Now I wanted to reuse the code to locate the brackets, but the current structure wasn’t really well suited for that, with the member initialization spread all over the function. Obviously, the code parsing the contents of the brackets (from the auto separator = ... line down) was of no use for the second case, the first half is the interesting bit here. So I was looking at the calls to from_input_type in the upper half and asked myself: Can I return first, before calling this? The answer is, of course, yes.

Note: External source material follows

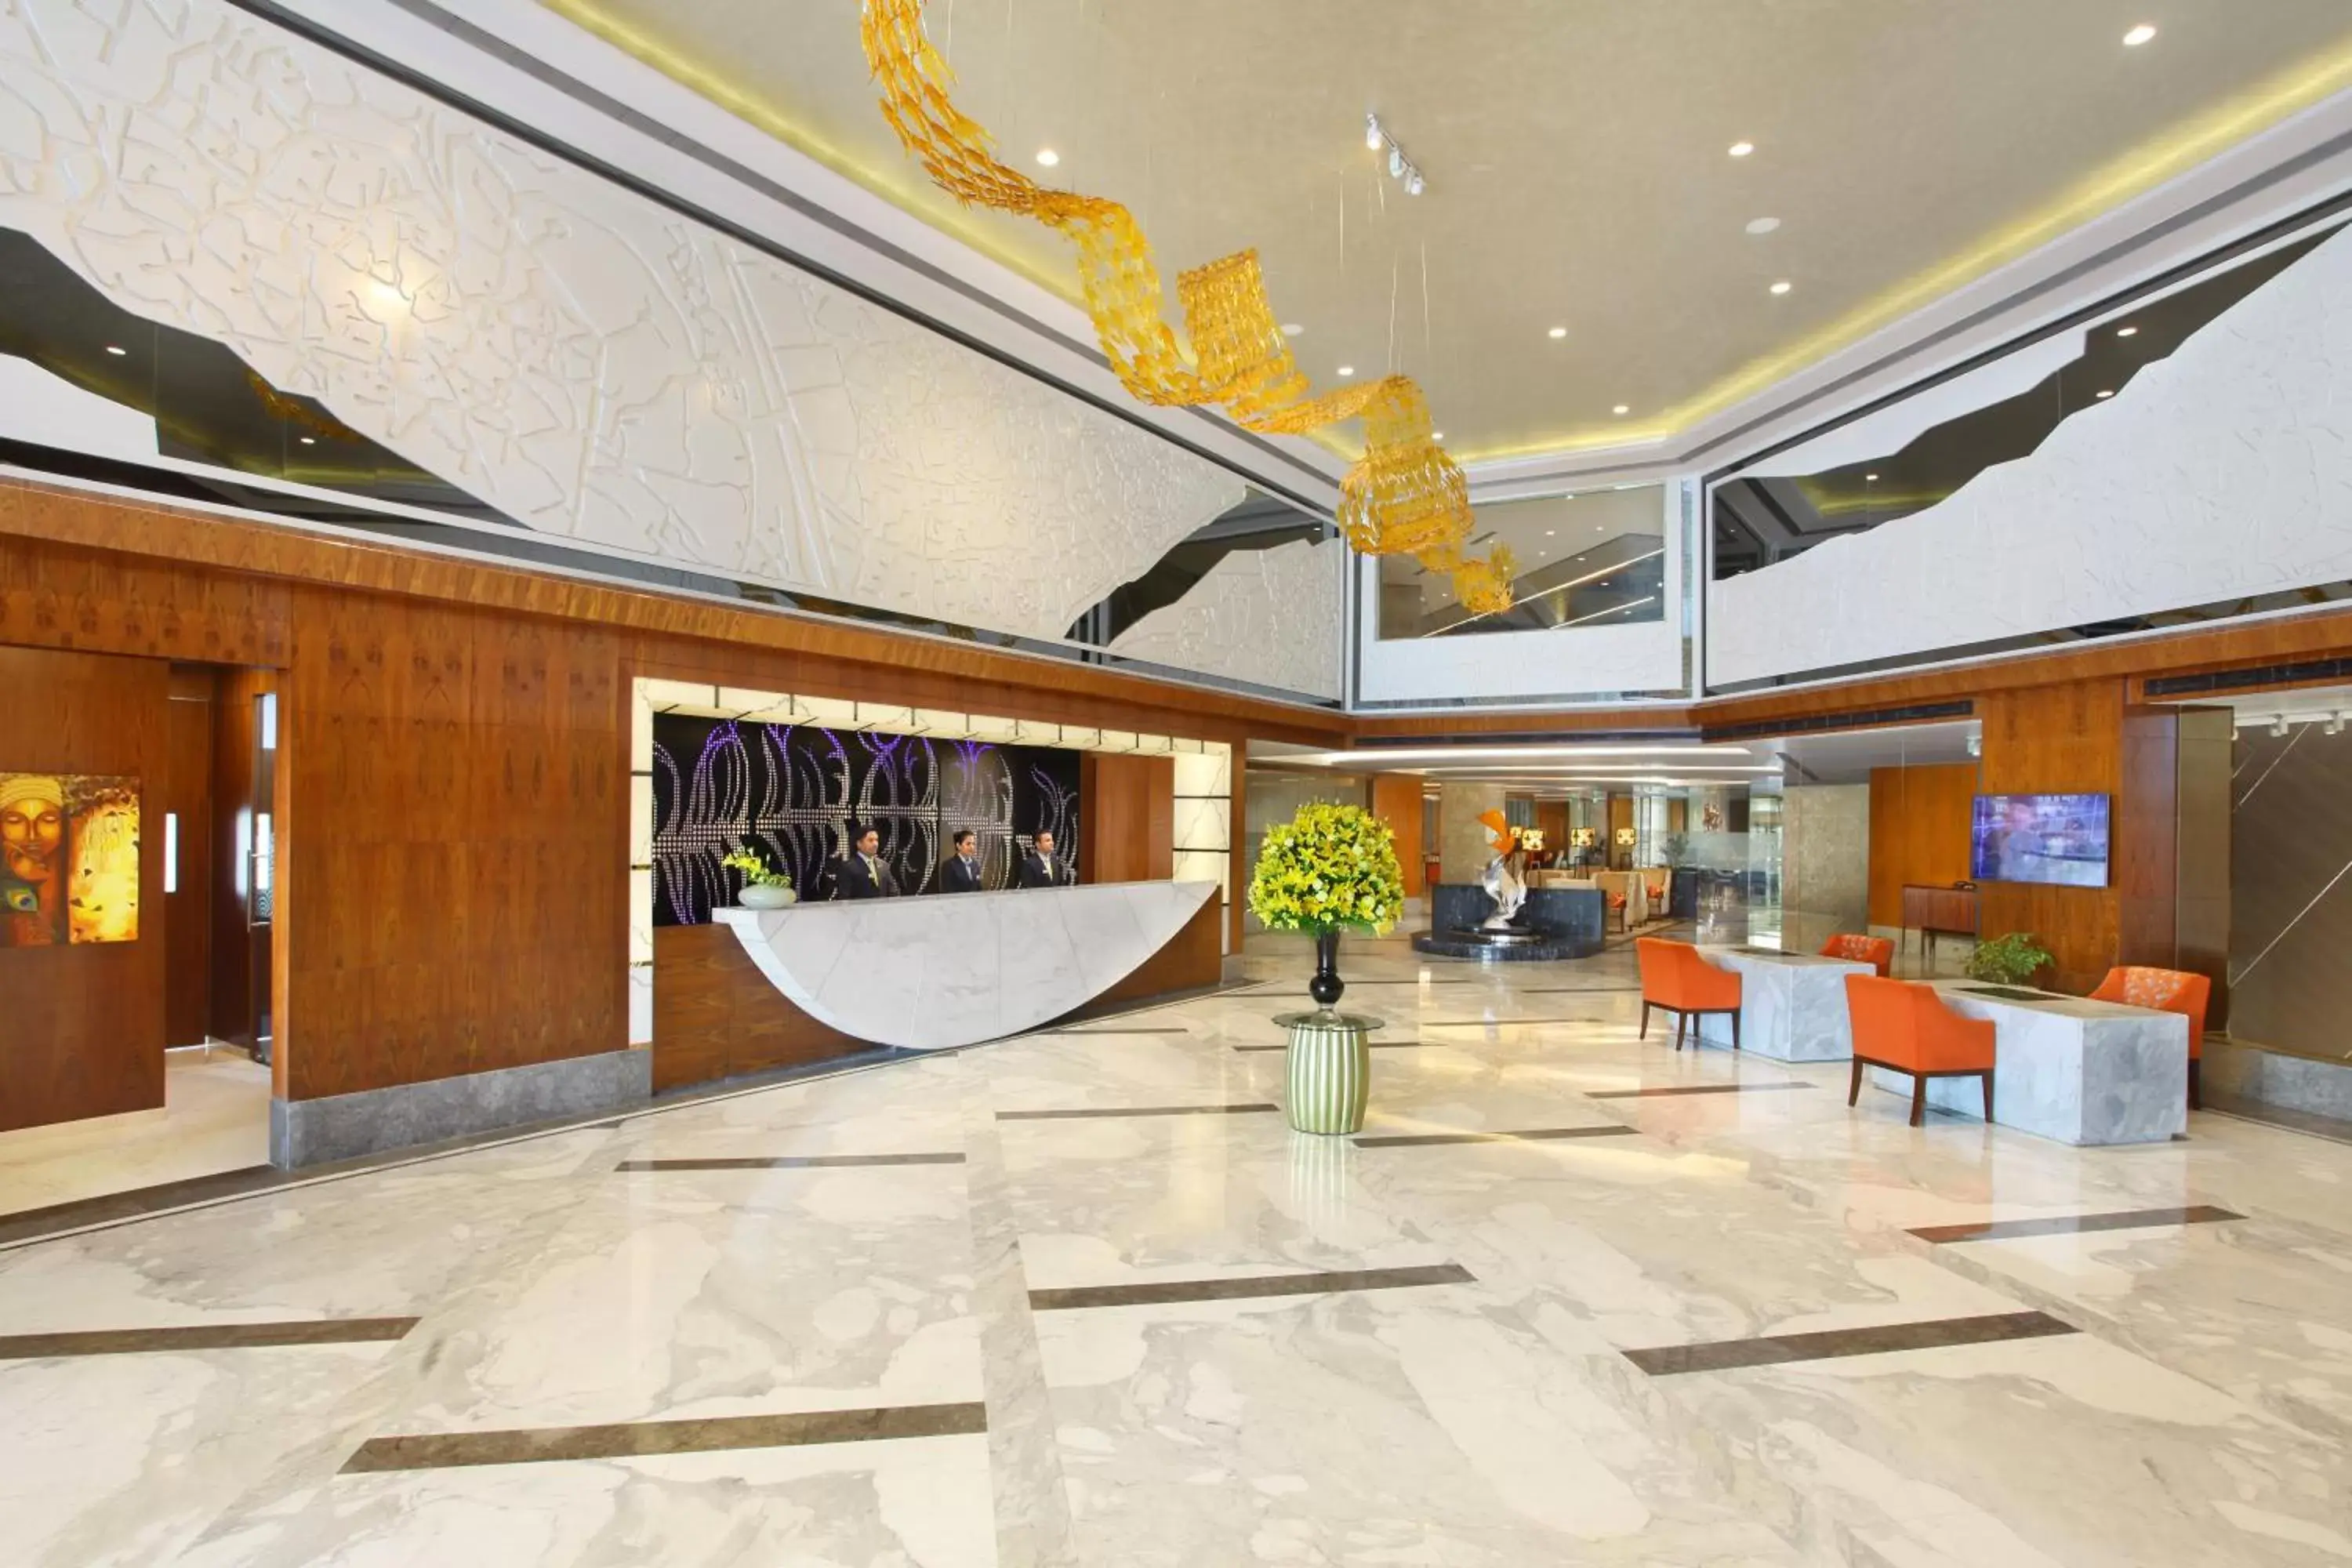 Lobby or reception, Lobby/Reception in Radisson Blu Jammu

struct type_with_brackets_t
{
  std::string_view type;
  std::string_view in_brackets;
  // There's a difference between empty brackets (e.g. string[])
  // and no brackets (e.g. string)
  bool has_brackets = false;
};

type_with_brackets_t split_type(std::string_view const& type_code)
{
  auto suffix_begin = type_code.find('[');
  if (suffix_begin == std::string::npos)
  {
    return {type_code, {}, false};
  }

  auto suffix_end = type_code.find(']', suffix_begin);
  if (suffix_end == std::string::npos)
  {
    throw std::invalid_argument("Malformed attribute type suffix: no end brace.");
  }

  auto type_tag = type_code.substr(0, suffix_begin);
  auto suffix = type_code.substr(suffix_begin+1, suffix_end-suffix_begin-1);
  return {type_tag, suffix, true};
}

With this, we can replace the upper half of the first function with:

auto [tag, in_brackets, has_brackets] = split_type(type_code);
this->type = from_input_type(tag);
if (!has_brackets)
  return;

/* continue parsing in_brackets */

The other “int[]” case can obviously be implemented very easiely now:

auto [tag, _, has_brackets] = split_type(type_code);
this->type = from_input_type(tag);
this->is_array = has_brackets;

Of course, when just extracting the code as a function, you could be tempted to also call from_input_type in that function, but return first guided us away from that. I think this is a very good outcome, as it clearly separates splitting the string and interpreting the parts, naturally eliminating the duplicated from_input_type call. You can still have a function that does both, if you want, by adding a small facade araound split_type that also does the conversion.

I hope this example cleared up the method a bit more. One reason why deeply nested function calls are so common is that most languages make it easier to pass parameters than return multiple values. You will often find that this style will require more custom data-types that are just used as function return values. But functions will naturally compose easier because you will bundle smaller pieces, e.g. in this case, you can use the function without from_input_type, and I believe that will pay off in the end.